For $k \in \mathbb{N}$ the covariance of $x_k$ is given by $\mathbb{E}\left[ x_k x_k^\top \right] - \mathbb{E}\left[ x_k \right] \mathbb{E}\left[ x_k \right]^\top$ where
$$\mathbb{E}\left[ x_k x_k^\top \right] = A^{k} \mathbb{E}\left[ x_0 x_0^\top \right] \left( A^k \right)^\top + \sum_{i=0}^k A^i B R_w B^\top \left( A^\top \right)^i$$
and
$$\mathbb{E}\left[ x_k \right] \mathbb{E}\left[ x_k \right]^\top = A^k \mathbb{E}\left[ x_0 \right] \mathbb{E}\left[ x_0 \right]^\top \left( A^\top \right)^k$$
so the covariance is
$$A^{k} \left( \mathbb{E}\left[ x_0 x_0^\top \right] - \mathbb{E}\left[ x_0 \right] \mathbb{E}\left[ x_0 \right]^\top \right) \left( A^k \right)^\top + \sum_{i=0}^k A^i B R_w B^\top \left( A^\top \right)^i$$
As you've correctly identified,
$$k \to \infty \implies A^{k} \left( \mathbb{E}\left[ x_0 x_0^\top \right] - \mathbb{E}\left[ x_0 \right] \mathbb{E}\left[ x_0 \right]^\top \right) \left( A^k \right)^\top \to 0$$
For the remaining terms, we need some functional analysis facts.

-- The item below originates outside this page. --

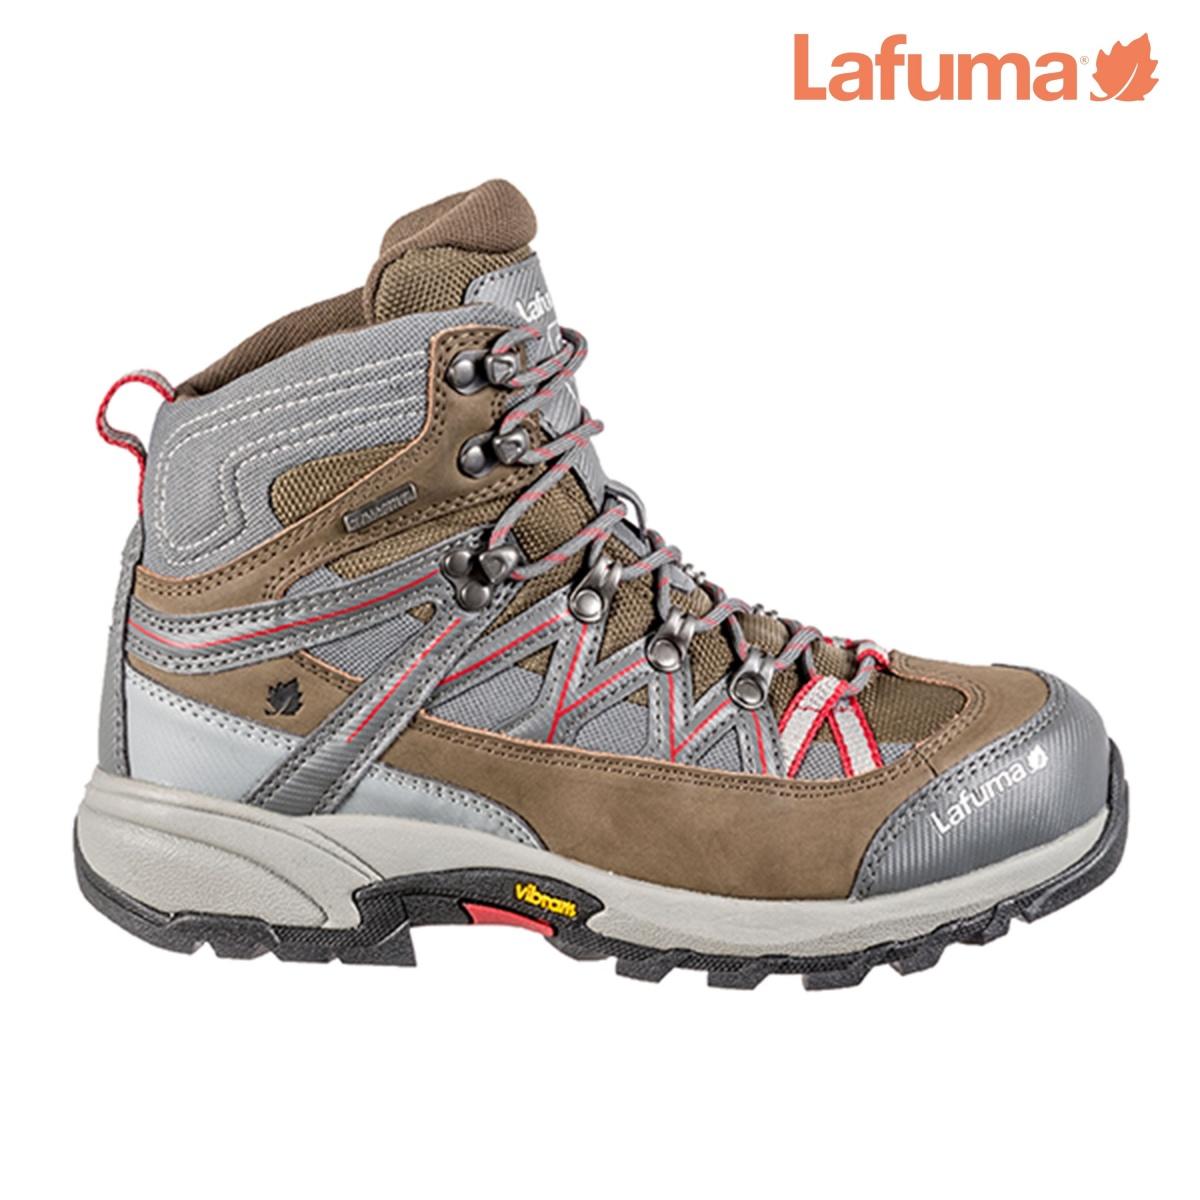 Lafuma Atakama II ld dámská treková obuv major brown barn  5c9669eaed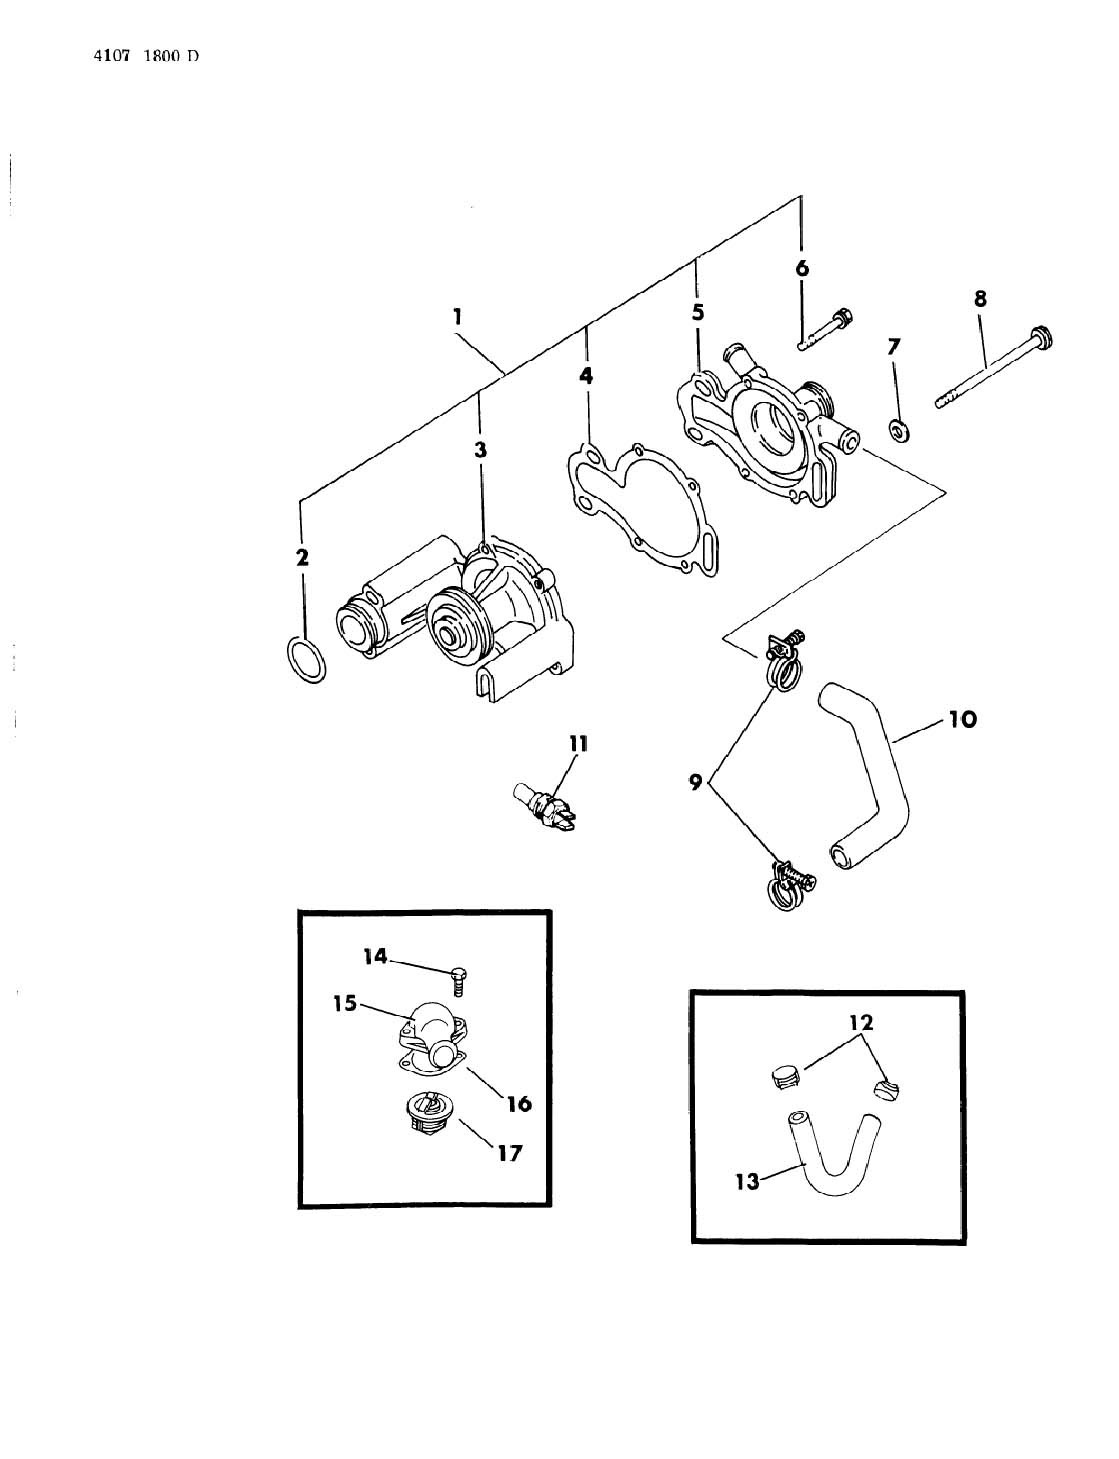 1989 chrysler new yorker wiring diagram

- $\mathbb{R}^{m \times m}$ with the operator norm is a Banach space.
- The set of PSD matrices $\mathbb{S}^m_+ \subseteq \mathbb{R}^{m \times m}$ is also a Banach space.
- In a Banach space $X$, every absolutely convergent series converges in $X$.
Therefore,
$$\sum_{i=0}^\infty \left \lVert A^i B R_w B^\top \left( A^\top \right)^i \right \rVert < \infty \implies \sum_{i=0}^{\infty} A^i B R_w B^\top \left( A^\top \right)^i \text{ converges in $\mathbb{S}_+^m$}$$
and it only remains for us to show $\sum_{i=1}^\infty \left \lVert A^i B R_w B^\top \left( A^\top \right)^i \right \rVert < \infty$.
$$\sum_{i=0}^\infty \left \lVert A^i B R_w B^\top \left( A^\top \right)^i \right \rVert \leq \left \lVert B R_w B^\top \right \rVert \sum_{i=0}^\infty \lambda_{\max}\left( A \right)^{2i} < \infty$$